Each line from the one with "Red Cardinal Bird OtterBox iPhone 6/6s Case" through the last line of the material is to be printed exactly; no other line and no picture belongs in the copy.

▶ DATASET EXCERPT
----
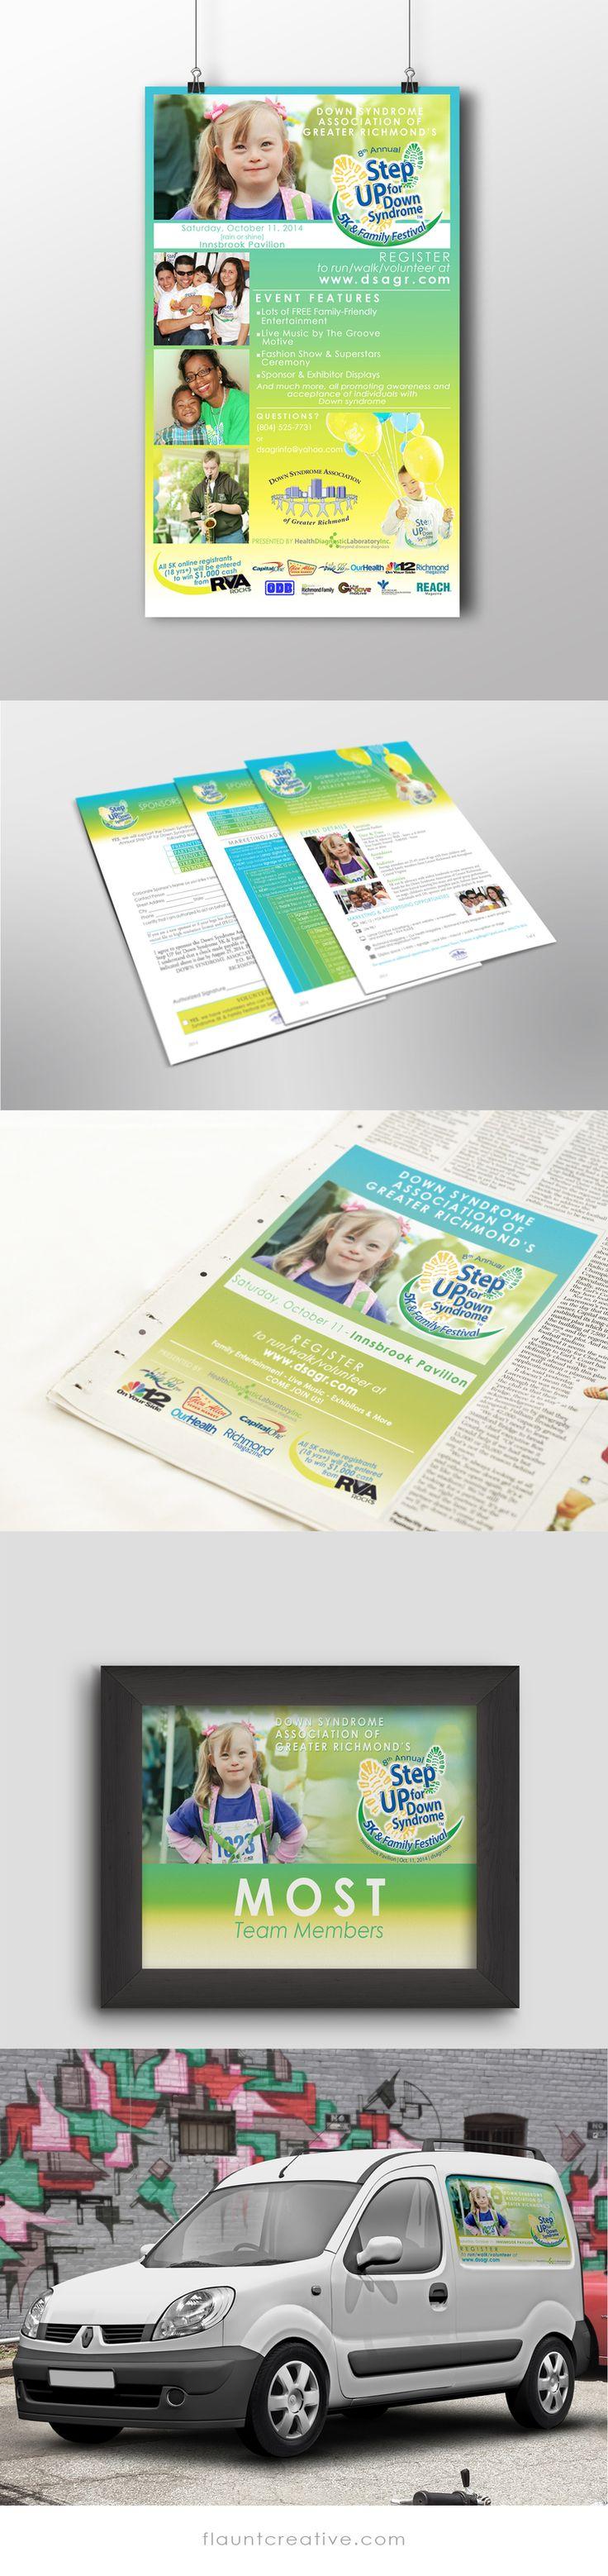 5k poster design - Step Up For Down Syndrome 5k
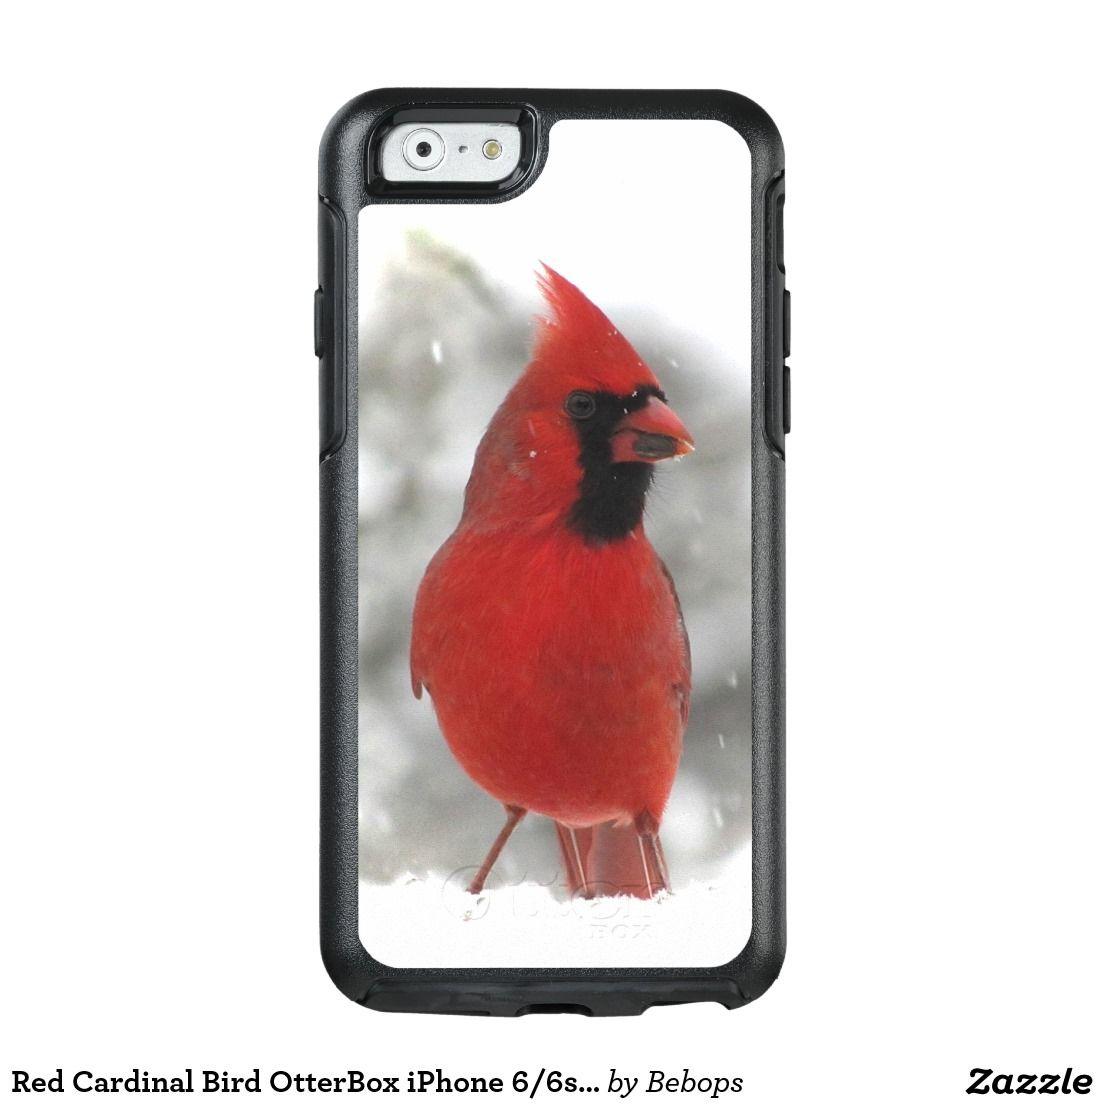 Red Cardinal Bird OtterBox iPhone 6/6s Case
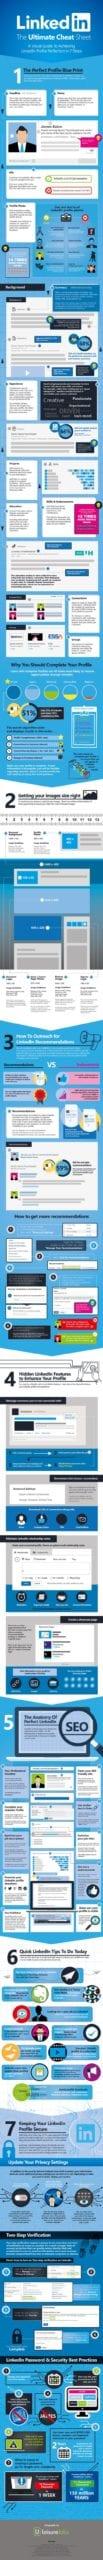 Healthcare IT LinkedIn Cheat Sheet
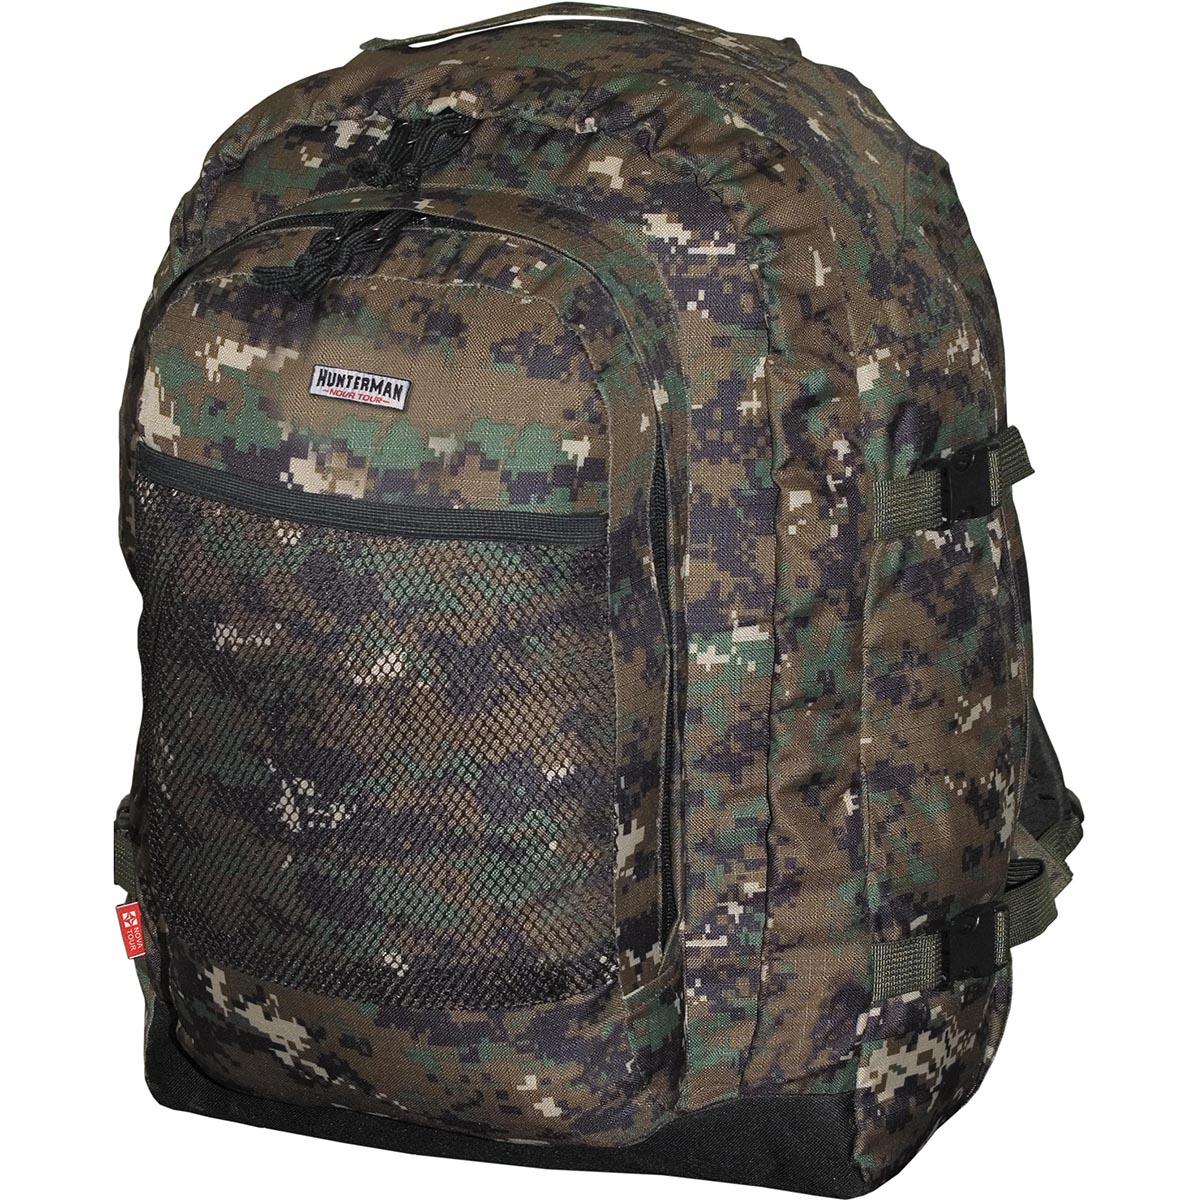 Рюкзак для охоты HunterMan Nova Tour Бекас 55 V3, цвет: темно-зеленый, 55 л
----
▶ ANSWER BOX
 Red Cardinal Bird OtterBox iPhone 6/6s Case
 Healthcare IT LinkedIn Cheat Sheet
 Рюкзак для охоты HunterMan Nova Tour Бекас 55 V3, цвет: темно-зеленый, 55 л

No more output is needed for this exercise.